Right Issue confers a privilege on the existing shareholders to have a claim on the shares offered after the first public issue. When there is a need for additional funds for expansion, diversification or modernization, further shares is issued, which is also known as ‘Right shares’ and the right of the members to be so offered is called the ‘right of pre-emption’.
Under section 62 of the Companies Act, 2013 provides that where at any time, a company having a share capital proposes to increase is subscribed capital by the issue of further shares, such shares of the company in proportion, as nearly as circumstances admit, to the paid-up share capital on those shares. This offer is made by sending a “letter of offer”.
Bonus Shares are issued to the existing members free of charge.
Under section 63 of the Companies Act, 2013, a company can issue fully paid-up bonus shares to its members, out of:-
- its free reserve
- the securities premium account; or
- the capital redemption reserve account.
However, no issue of bonus shares can be made by capitalizing reserves created by the revaluation of assets. Bonus shares are always fully paid.

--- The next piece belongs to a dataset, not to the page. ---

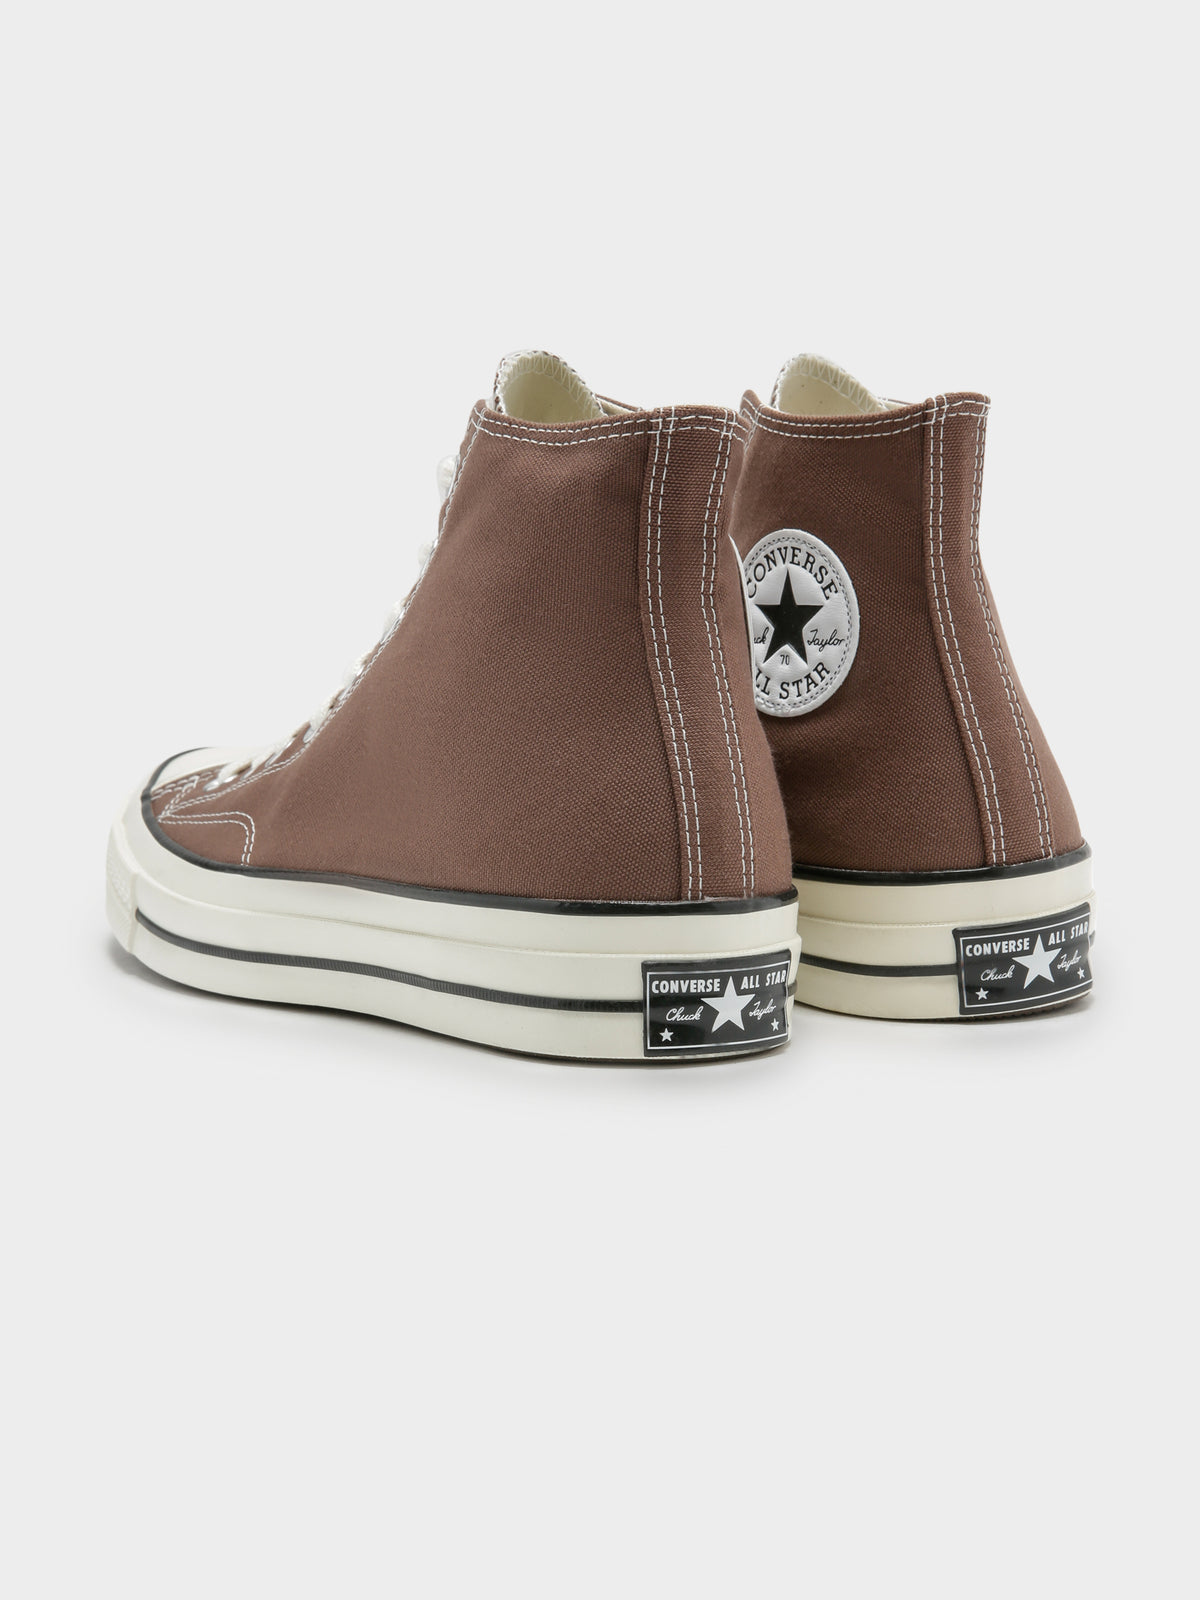 Unisex Chuck 70 High Sneakers in Squirrel Friend

Therefore, in the private market initial offer is not given to the investors, the already traded securities are offered in such market. The existing shares of the company are traded in the private market.
 Commissioner of Income-Tax v. Standard Vacuum Oil Co.  Comp. LJ 187 (SC).
 Section 2(70) of companies Act, 2013 refers that: “Prospectus” means any document described or issued as a prospectus and includes a red herring prospectus referred to in section 32 or shelf prospectus referred to in section 31 or any notice, circular, advertisement or other document inviting offers from the public for the subscription or purchase of any securities of a body corporate.
 Section 42 of Companies Act, 2013
 Companies Act,2013.
 (Prospectus and Allotment of Securities) Rules,2014.